Hmm, both of the suggested approaches work well for picking triangles, but may not be quite adequate for vertices.
Since vertices have no area at all, picking them boils down to checking if mouse is in vicinity of their 2D projections.
Ray cast approach that Calinou suggested may result in some erratic misses when picking vertices that appear on the mesh contour. If user clicks near enough to a vertex but still outside the mesh - ray hit test would fail. In some cases (e.g. spikes) the area to click becomes frustratingly small.

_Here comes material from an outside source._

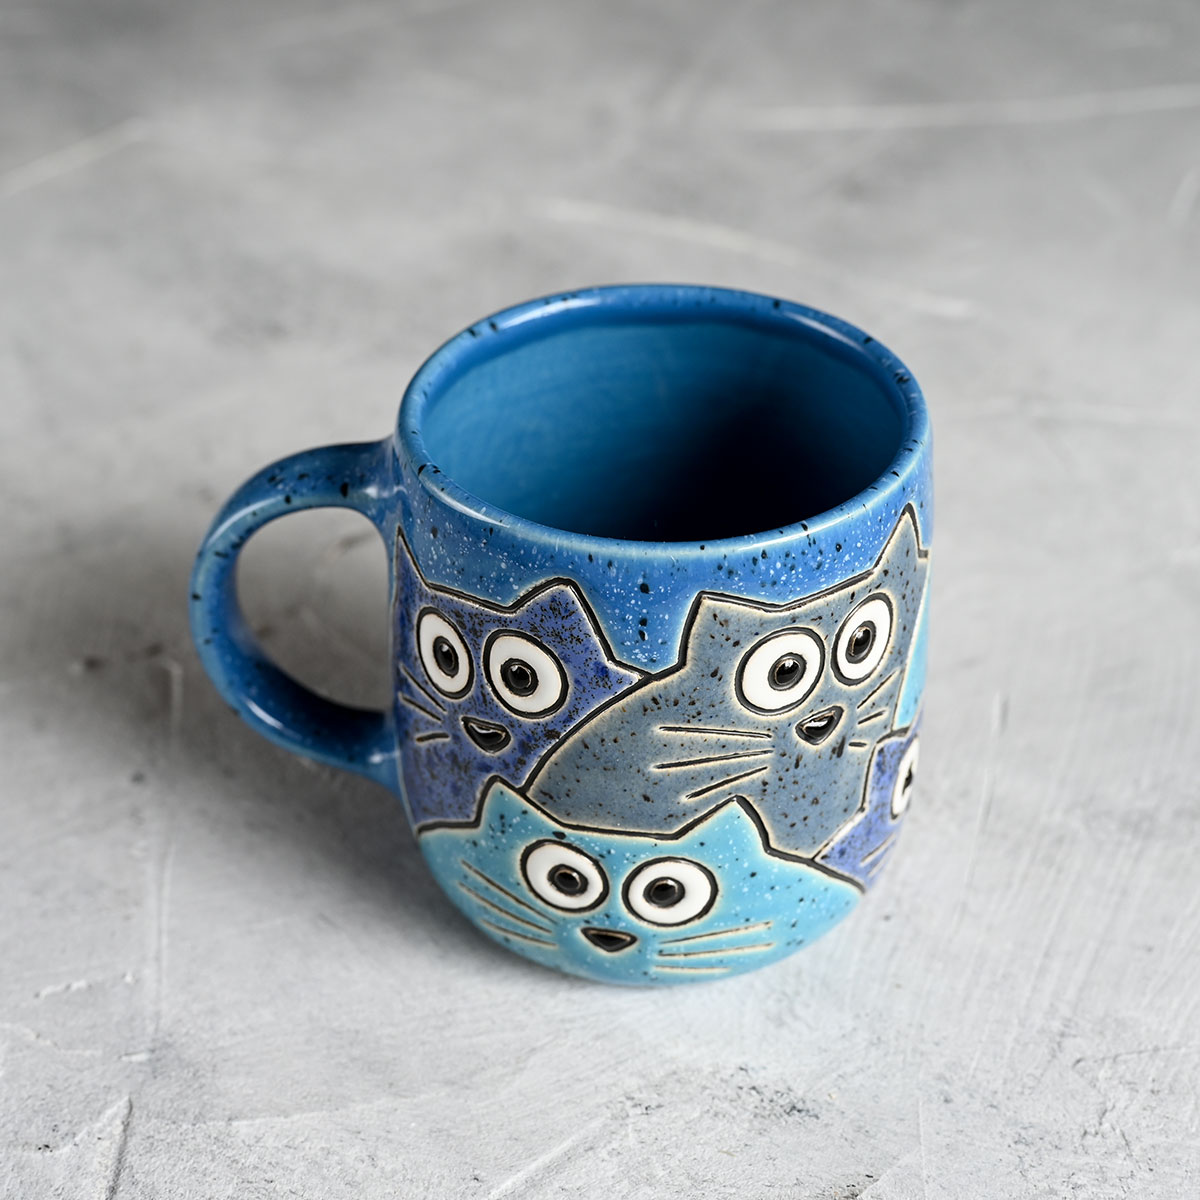 """картинка Кружка """"Котики"""" малая синяя 300 мл - DishWishes.Ru"""

With second approach; drawing vertices as differently colored circles and then reading a mouse pixel from buffer, handling non-convex meshes becomes a problem. Depth buffer can't really help us here so we manually need to determine which vertices are obscured and then not render them. This could be problematic performance-wise since we need to iterate through all vertices and discriminate based on their visibility. This is a lot of ray casting per frame and on top of that we have no other choice but to render in some sort of immediate mode.
So after some pondering I came up with this:
For each vertex, project it into screen space and check if mouse is near enough to be picked. If yes, see if it's visible by casting a ray from camera to that vertex. If ray doesn't hit the mesh before reaching it, the vertex is visible and we add it to the list of hit vertices. If we end up with more than one vertex, pick the one nearest to the camera.
It's still a lot of iteration per frame (depending on vertex count), but costly visibility checks are brought down to minimum. Doing it in C probably wouldn't cause much of a performance hit.
In the end it boils down to general picking problem, but engine can at least handle visibility checks.